A biaxial eccentrically loaded pad footing occurs when the column transmitting load to the foundation is subjected to compressive axial force and bending moment in the two principal axes. As a result of the biaxial bending, two eccentricities e_x and e_y of the axial load occur on the pad footing, thereby leading to non-uniform pressure distribution on the foundation. The effects of such non-uniform pressure distribution must be accounted for during the geotechnical and structural design of the pad foundation.

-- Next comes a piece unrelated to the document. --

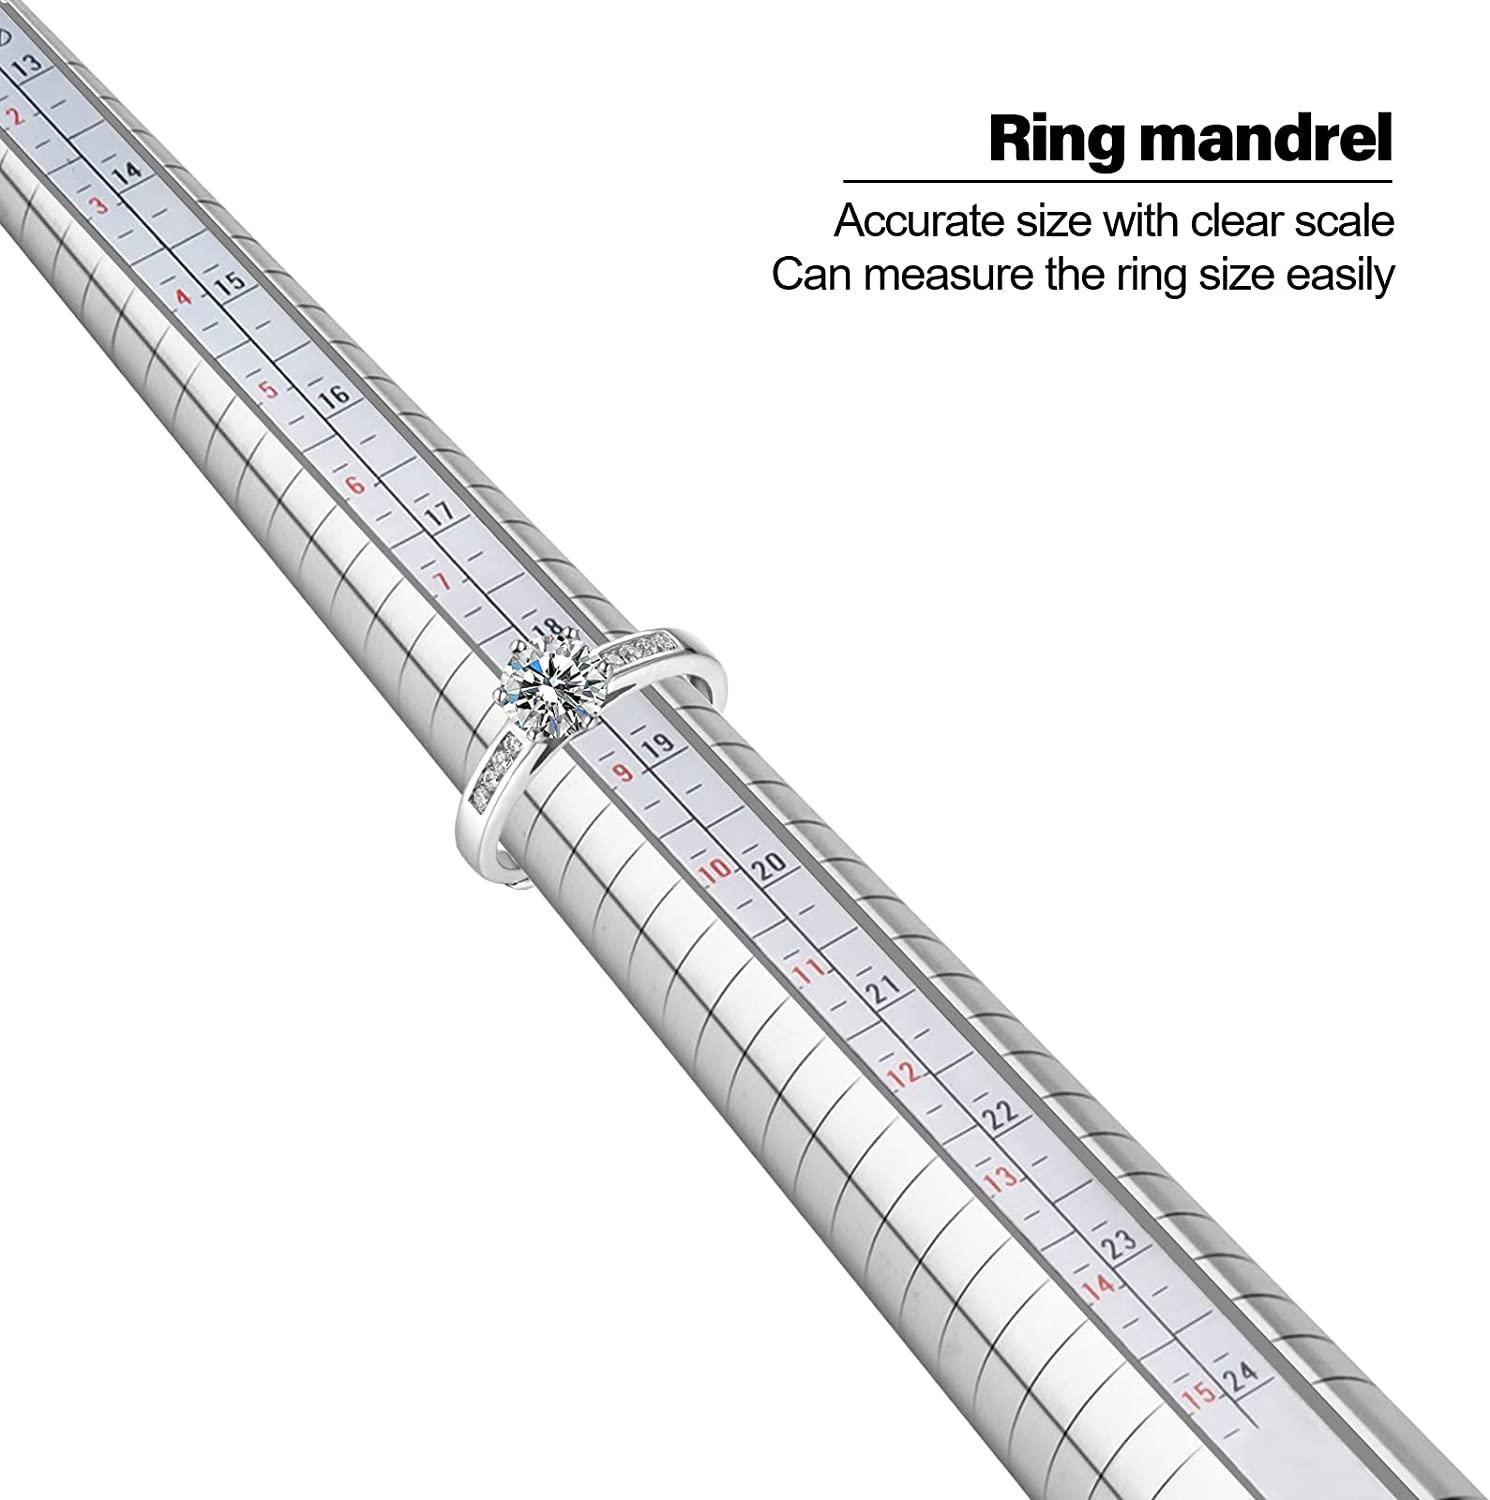 Ring mandrel with markings

This article will consider the geotechnical and structural design of a biaxial eccentrically loaded pad footing. The footing for a single column may be made square in plan, but where there is a large moment acting about only one axis it may be more economical to have a rectangular base.

When a bending moment M and axial force N are acting on a pad foundation, the pressures are given by the equation for axial load plus bending. This condition is valid provided there is positive contact between the pad base and the ground along the complete length D of the footing so that;

p = N/BD ± My/I

where I is the second-moment area of the base about the axis of bending and y is the distance from the axis to where the pressure is being calculated.

Substituting for I = BD³/12 and y = D/2, the maximum pressure is;

p_max = N/BD + 6M/BD²

and the minimum pressure is;

p_min = N/BD – 6M/BD²

For biaxially loaded footings, this pressure must be verified in both directions, and the maximum pressure should not exceed the allowable bearing capacity of the soil. Furthermore, the reinforcement design must also be carried out in both directions.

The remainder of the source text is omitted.